A letter-for-letter copy of the listing is required, with no pictures in it.

* DATA EXTRACT:
━━━━━━━━━━━━━━━━
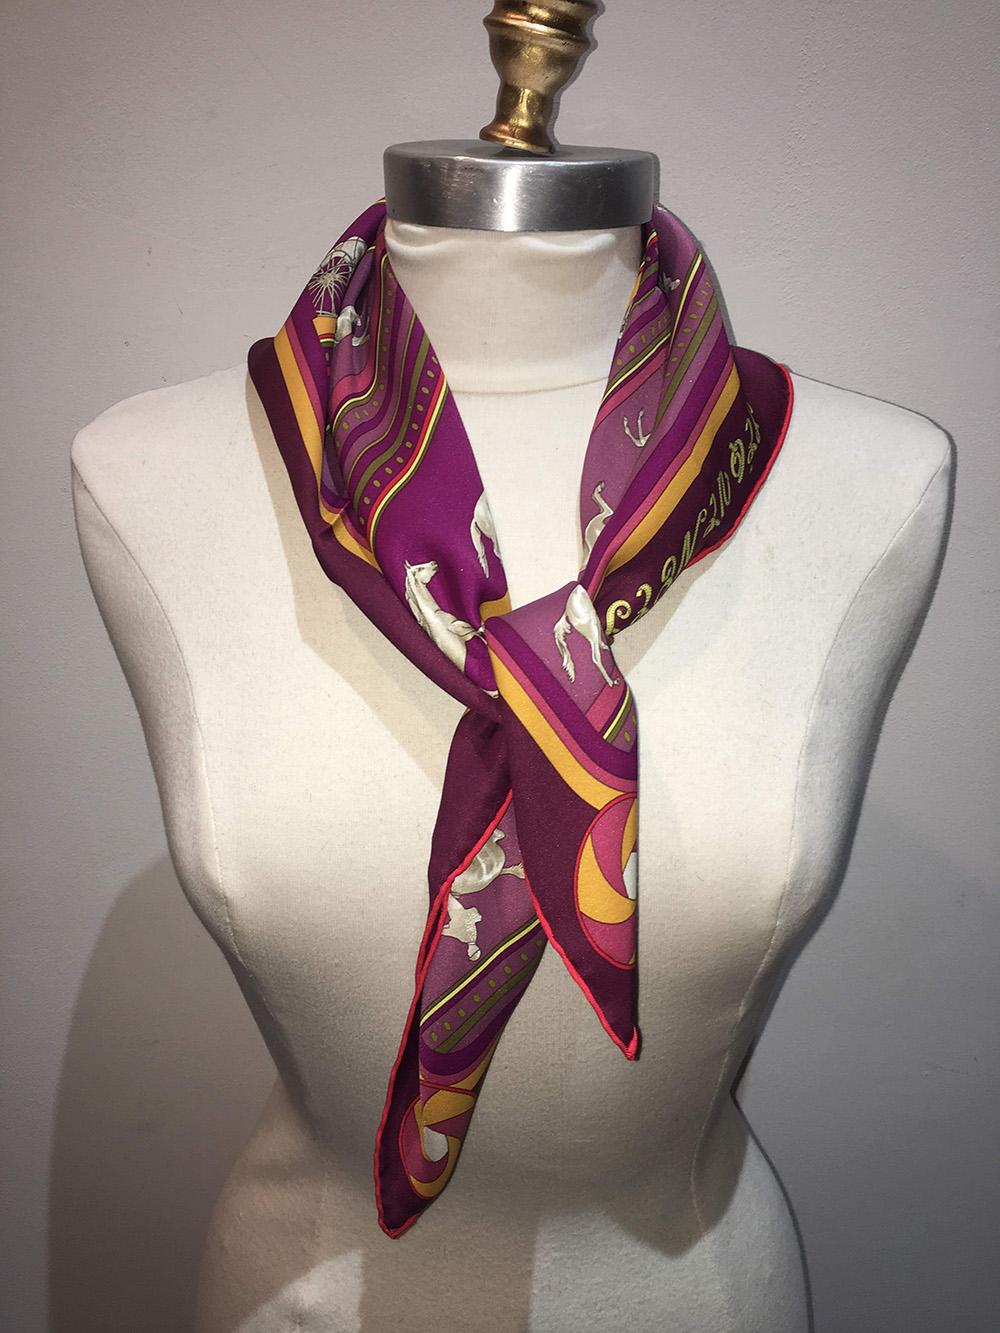 Hermes Sequences Maroon Silk Bandana Scarf 70 in excellent condition. Original silk screen design c1983 by Caty Latham features five various horse patterns over a maroon background with pink, gold, purple and fuchsia stripes. 100% silk, hand rolled
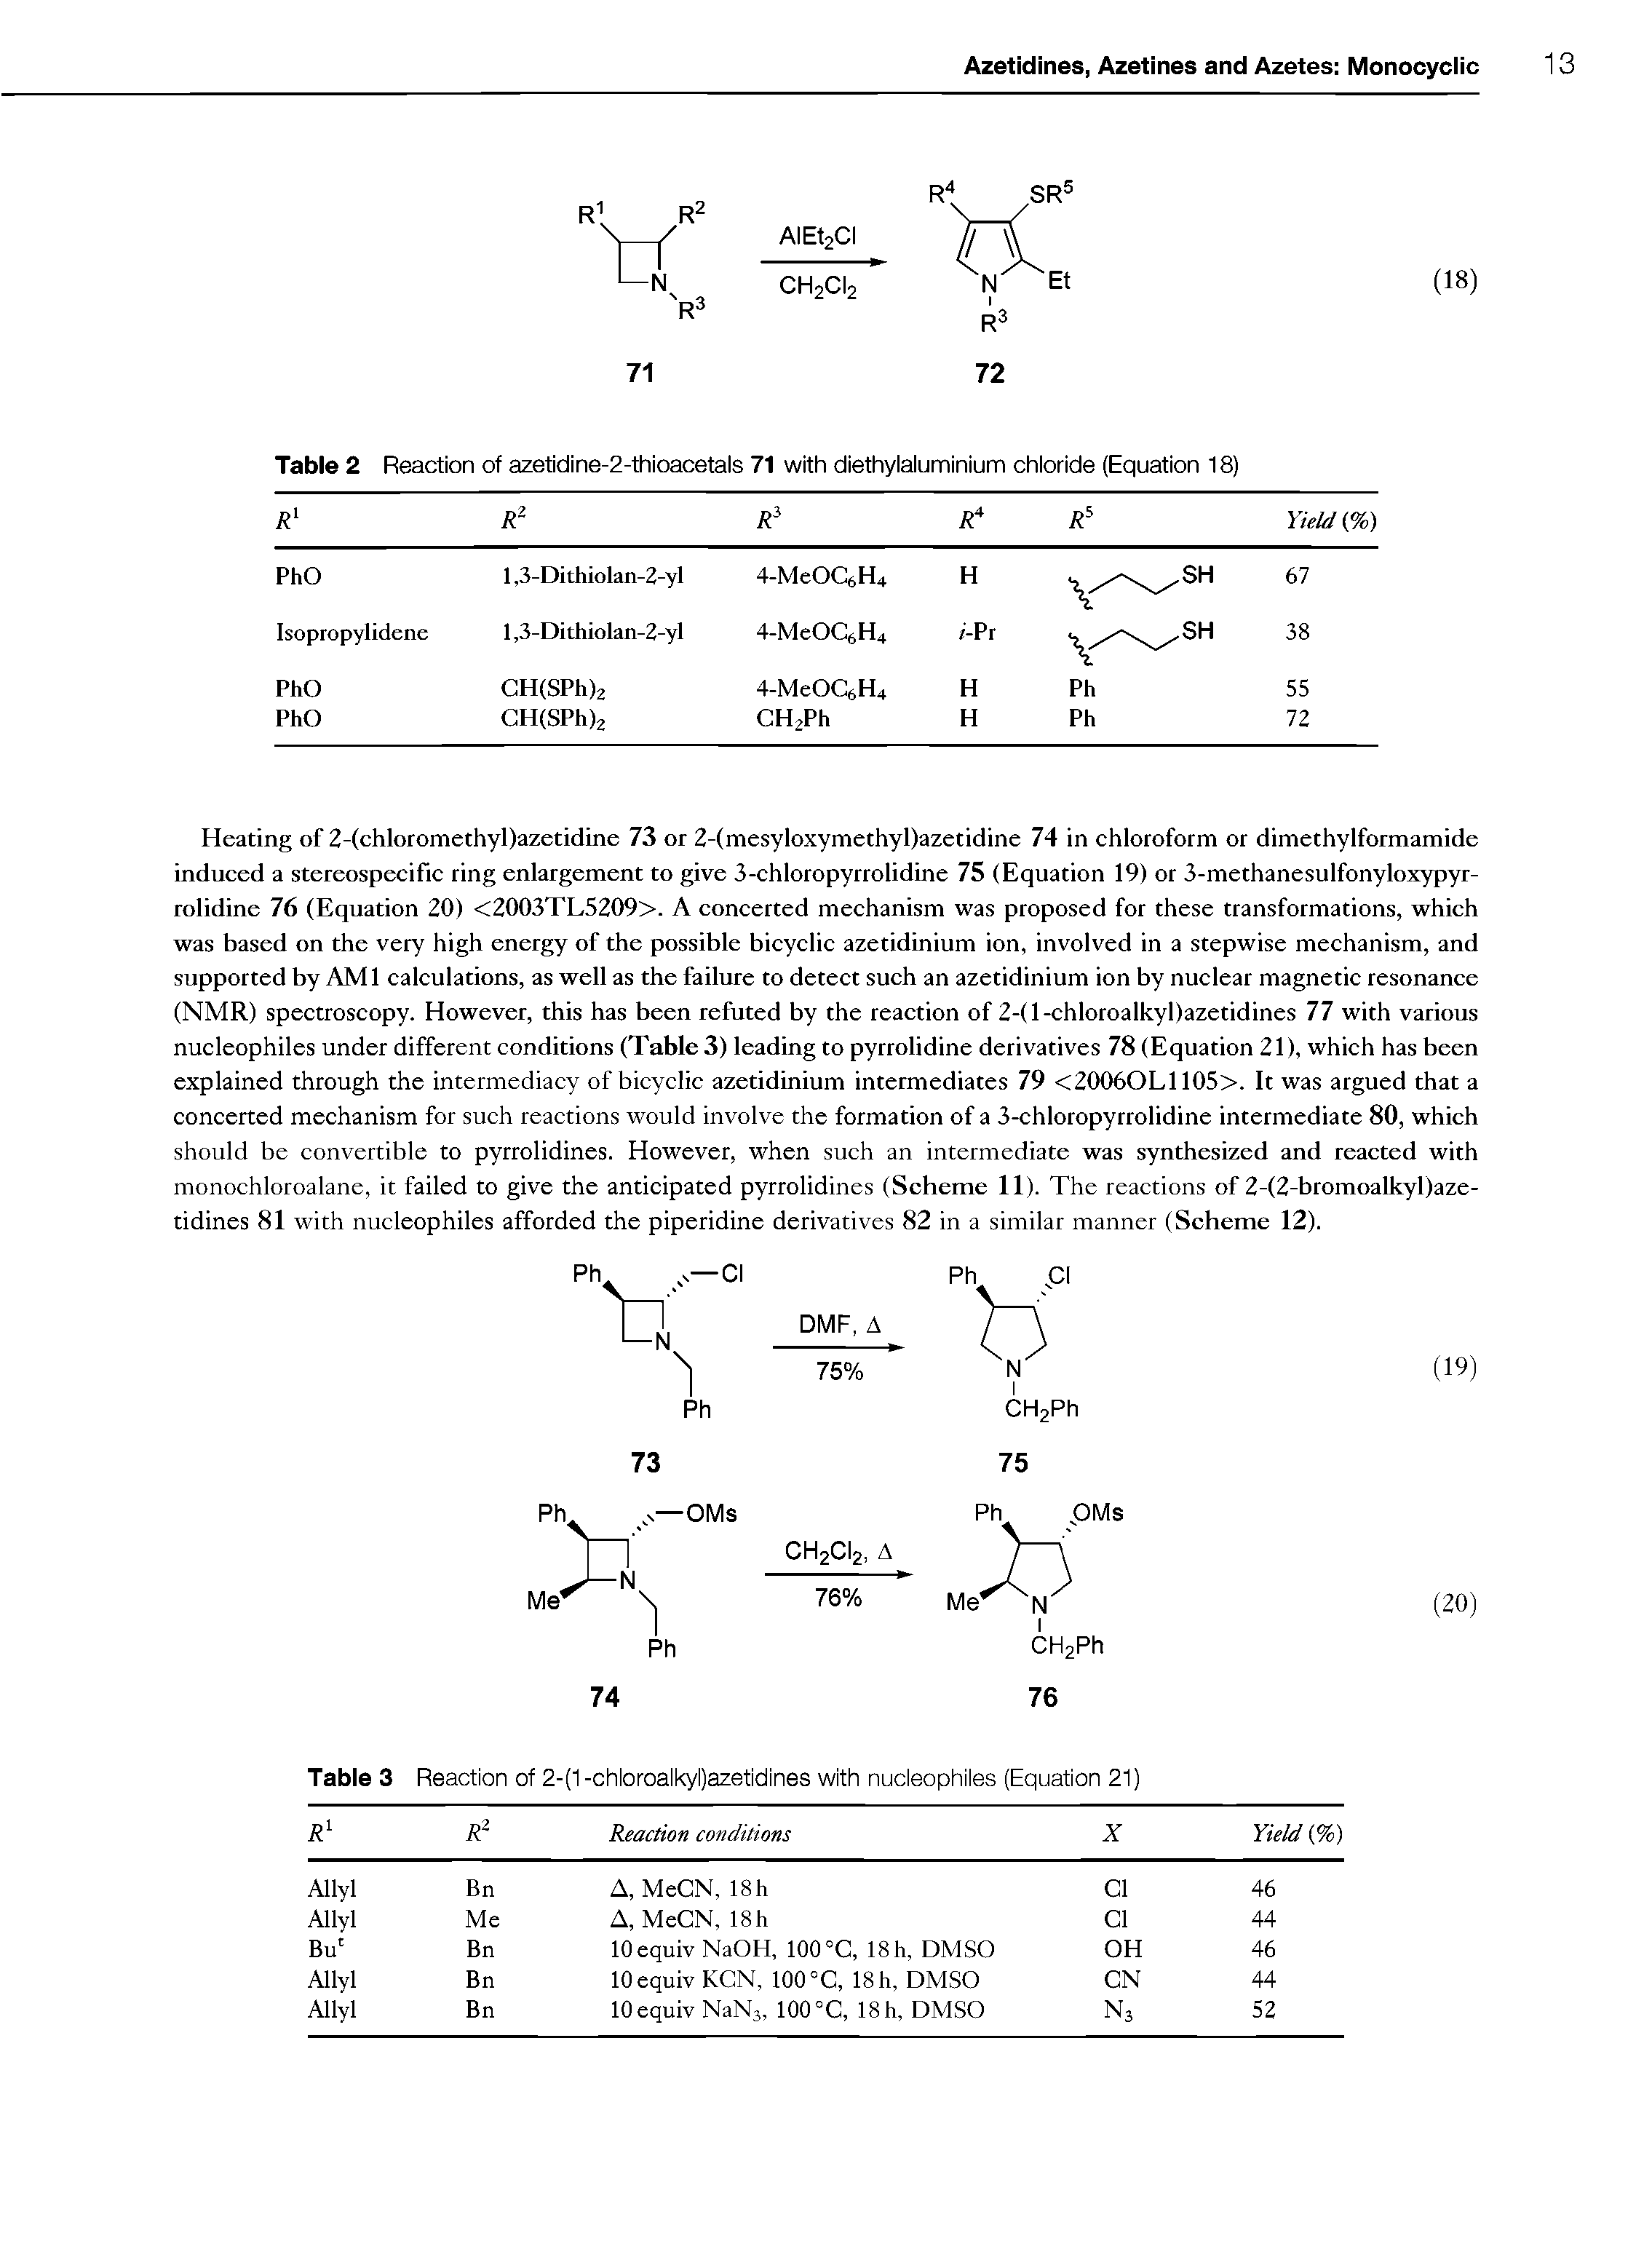 Table 2 Reaction of azetidine-2-thioacetals 71 with diethylaluminium chloride (Equation 18)...
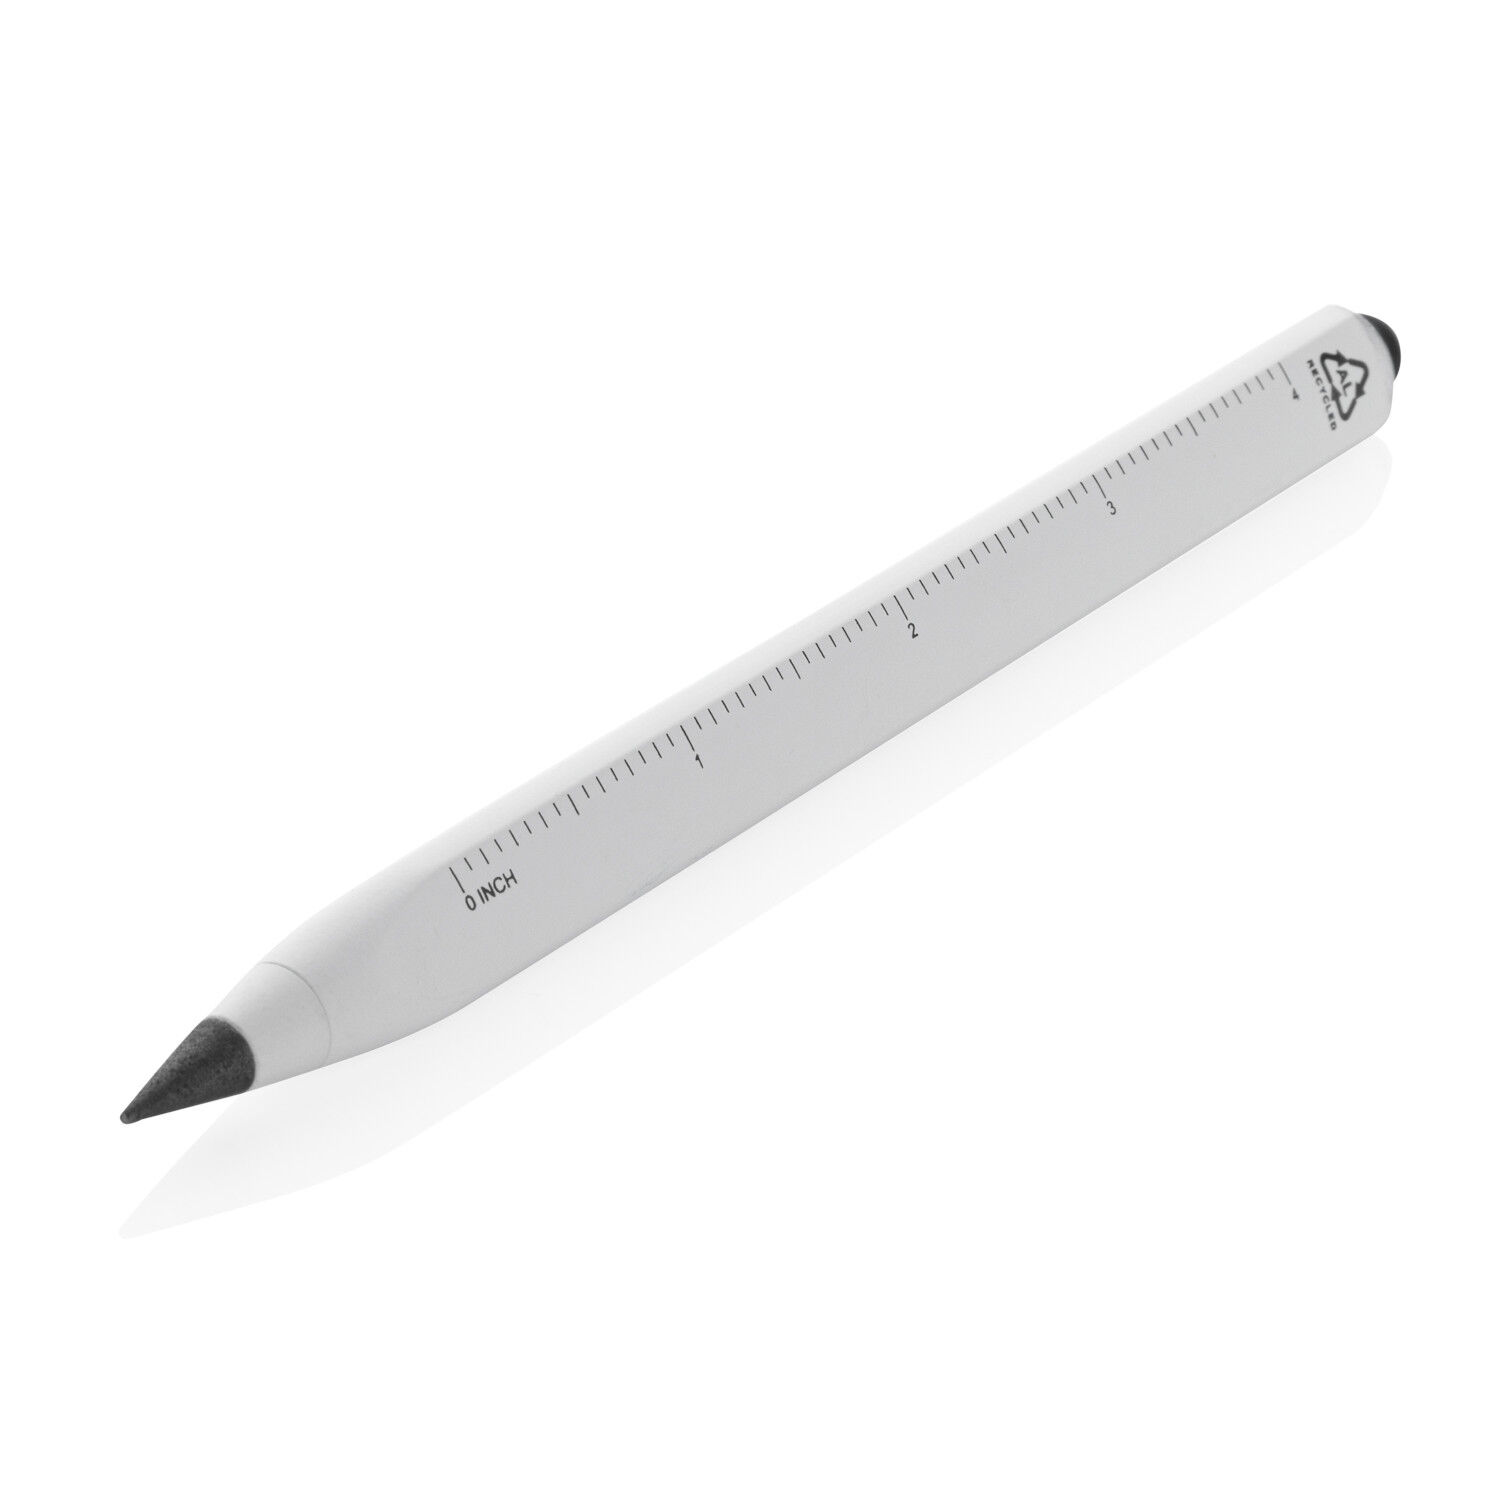 Eon Infinity Multifunction Pen (imperial / inches)
━━━━━━━━━━━━━━━━
* FINISHED TASK:
 Hermes Sequences Maroon Silk Bandana Scarf 70 in excellent condition. Original silk screen design c1983 by Caty Latham features five various horse patterns over a maroon background with pink, gold, purple and fuchsia stripes. 100% silk, hand rolled
 Table 2 Reaction of azetidine-2-thioacetals 71 with diethylaluminium chloride (Equation 18)...
 Eon Infinity Multifunction Pen (imperial / inches)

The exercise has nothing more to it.